The researcher identifies three chromosome regions at 200 and these
are saved, at step 202, in the workspace. The saved chromosome
regions may then be used at step 204 and 206 to select SNP AoD and
SNP AbD. These selected SNPs comprise an assay list that is stored
at 208.
[0053] Meanwhile, the chromosome regions saved in workspace 202
represent linkage regions that may be converted at step 210 to
three gene lists. A data union operation is performed on the gene
lists at 212 and the result is converted at 214 to a transcript
text.
[0054] Meanwhile, at step 216 the researcher selects Panther
protease inhibitors program which can be acquired through the
search page 102 (FIG. 5) and these are saved in the workspace at
step 218. The saved data from step 218 comprises a protein list
that is then converted at step 220 into a transcript list. Now the
transcript list produced at step 220 and the transcript text
produced at 214 are combined by a database intersection operation
222 and the result is saved at 224 in the workspace.
[0055] The saved transcript list is then converted at step 226 into
GEx assays and the desired assays (GEx AoD, and GEx AbD) are
selected at steps 228 and 230, with the resulting assay list being
stored at 232 to comprise the GEx assays list.
[0056] Once the assays list is stored, it can be used to access an
e-commerce and e-purchasing system to obtain the physical assay kit
and associated supplies for conducting wet laboratory research
based on the information developed.
[0057] In order to accomplish the workflow outlined in FIG. 7, the
information system performs a variety of functions. These functions
are outlined in Table I below.
TABLE-US-00001 TABLE I Functions Required Portal Workspace Page
Store objects: regions genes transcripts proteins SNP assays GEx
assays Convert objects: regions to SNPs SNP to SNP assay region to
gene list gene to transcript protein to transcript transcript to
GEx assay Set operations: union intersection Portal Search Page
Query operations: chromosomal regions protein families Selection
operations: SNP AoD SNP AbD SNP AoD GEx AoD GEx AbD Commerce
operations: order assays
[0058] The data analysis workflow example of FIG. 8 begins in the
upper left hand corner at 300. At step 300 a set of GEx assays or
arrays is provided.
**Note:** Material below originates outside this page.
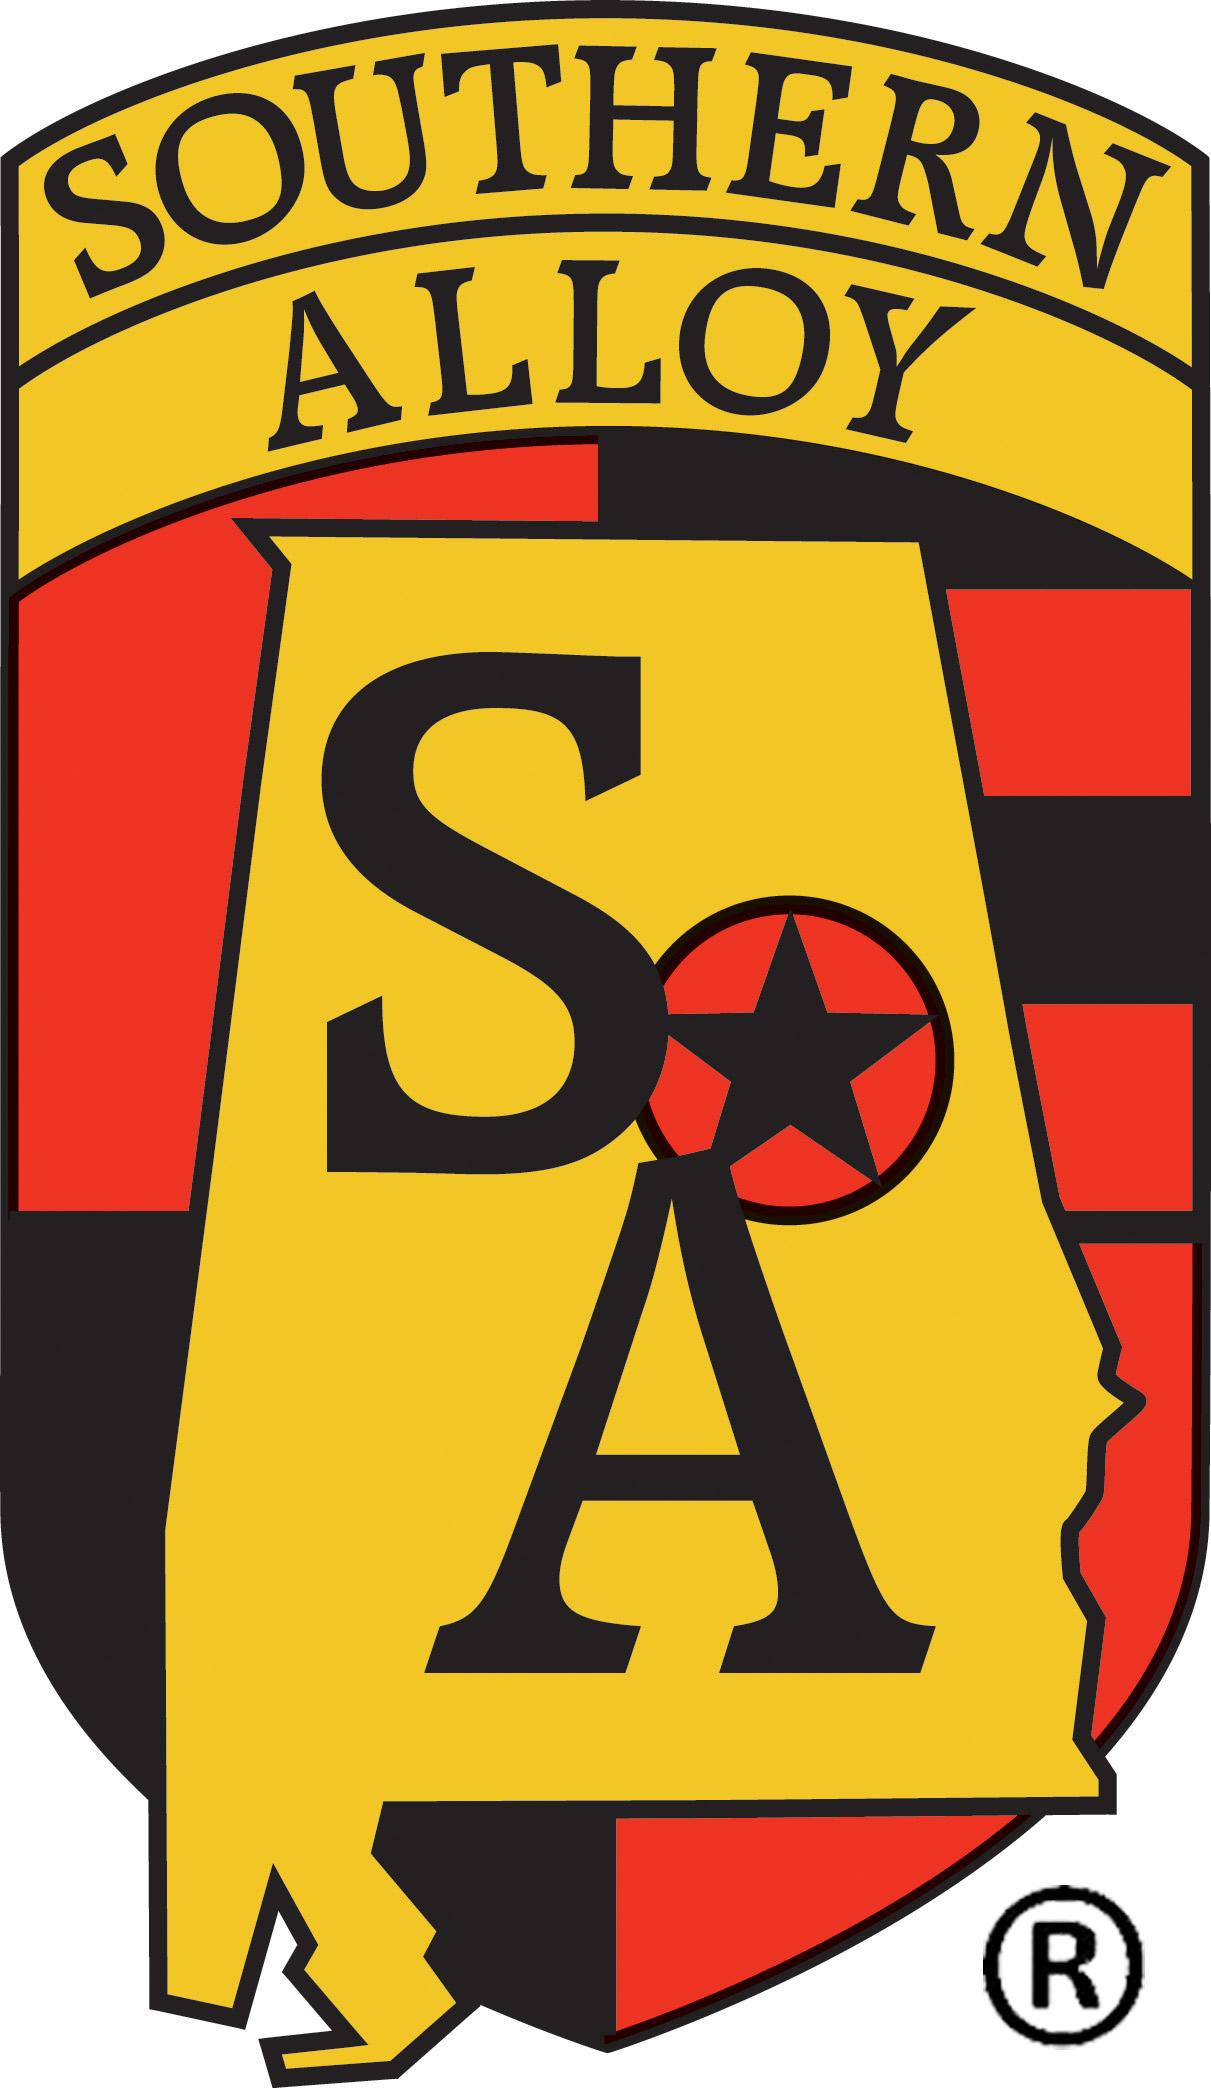 Southern Alloy logo
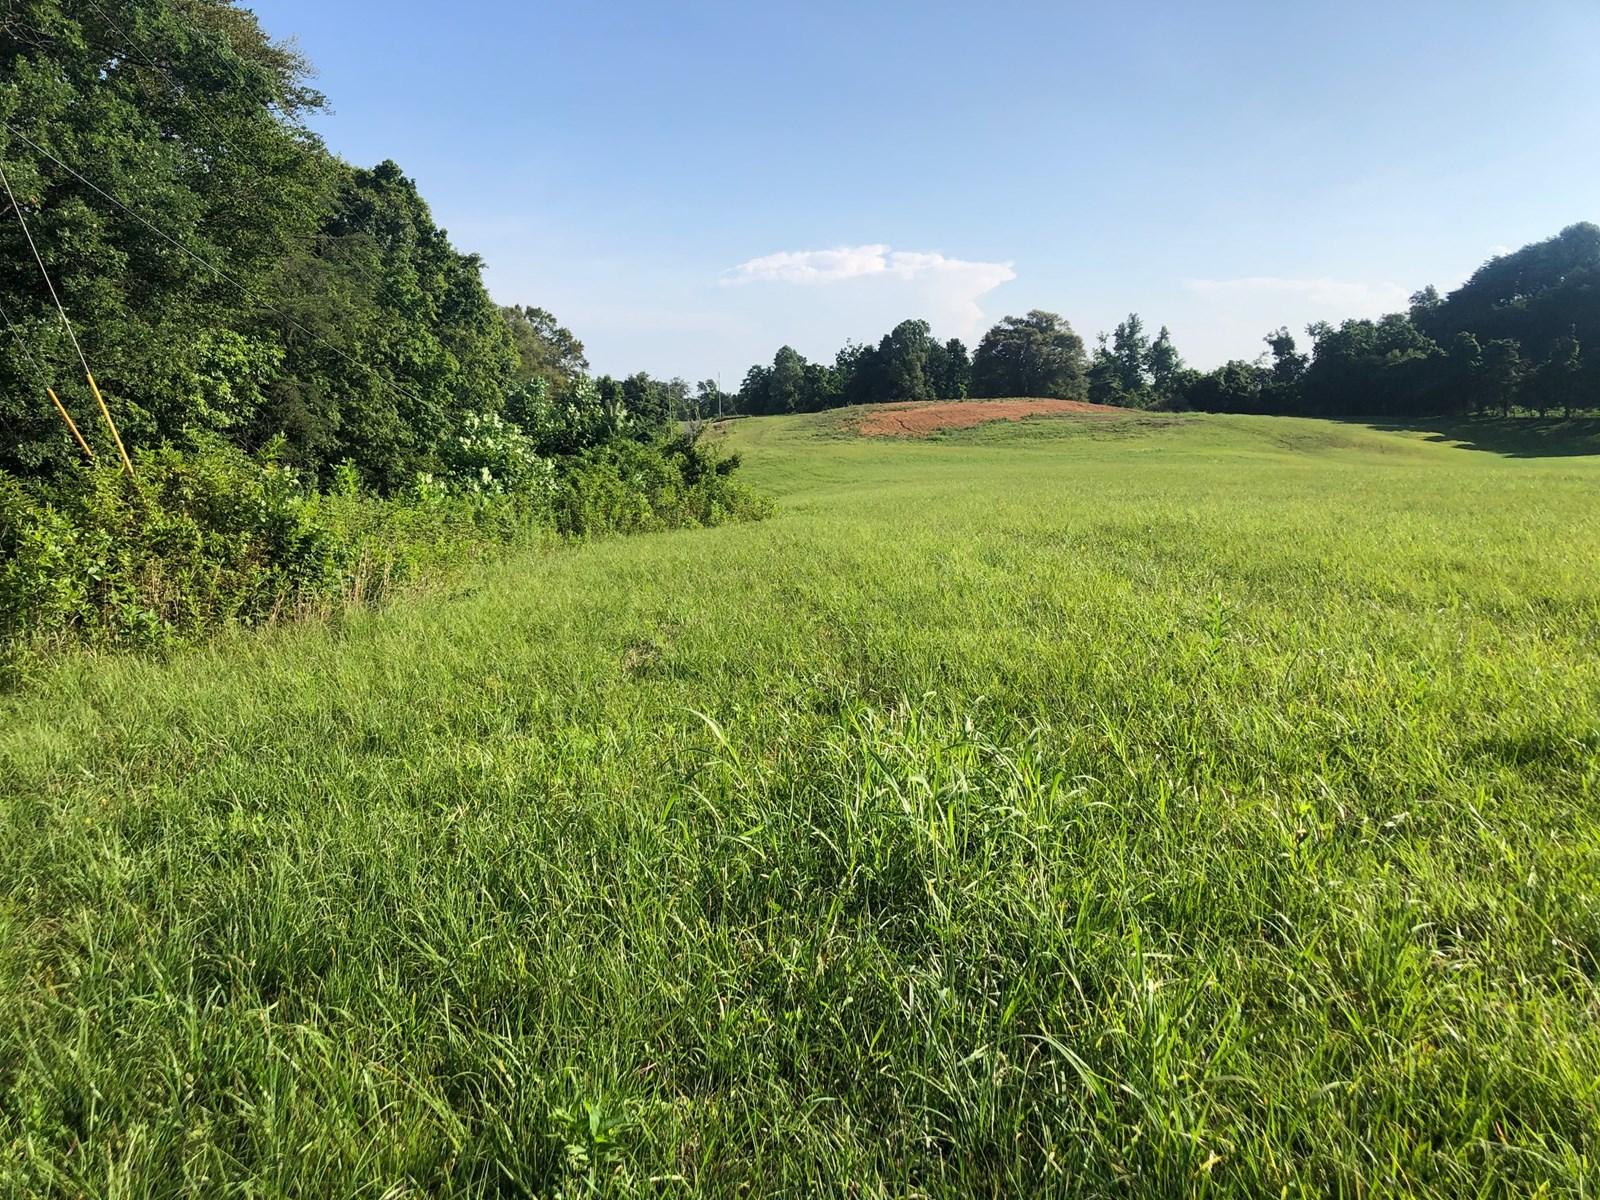 Land for Sale near Lake Cumberland

An expression study is then conducted at 302
corresponding to both normal and diseased populations. The
expression results are then obtained and stored at 304 and the
results are clustered at 306 using a suitable clustering algorithm
such as the SpotFire. The results are then uploaded at step 308 to
an information system such as the Celera Discovery System (CDS)
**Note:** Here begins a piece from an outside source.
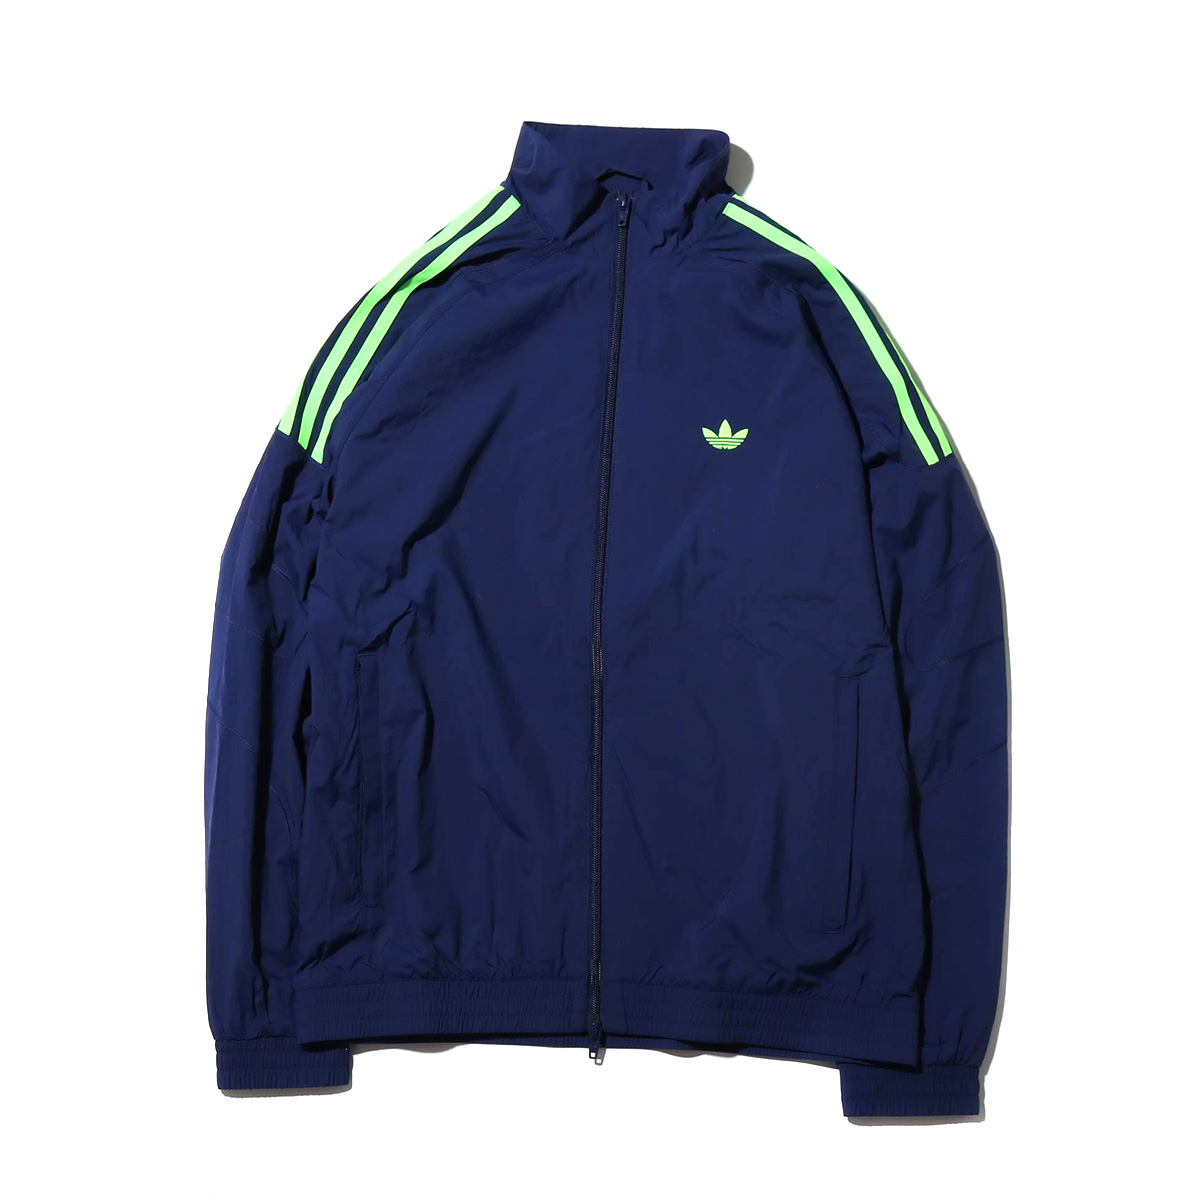 adidas Originals FLAMESTRIKE WOVEN TRACK TOP(DARK BLUE)(アディダスオリジナルス フレームストライク ウーブン トラックトップ)【メンズ】【ジャケット】【18FW-I】

facility, making the results available for a collection of
different matrix analysis operations illustrated collectively at
310. The results of the matrix analysis can lead to additional
steps such as an examination step 312 where the results are
explored by drugable class, and at step 314 where other orthologs
are identified (e.g., mouse orthologs). The results of processing
steps 312 and 314 then suggest new experiments, as illustrated at
316.
[0059] The functions required to perform the data analysis workflow
of FIG. 8 are set forth in Table II below.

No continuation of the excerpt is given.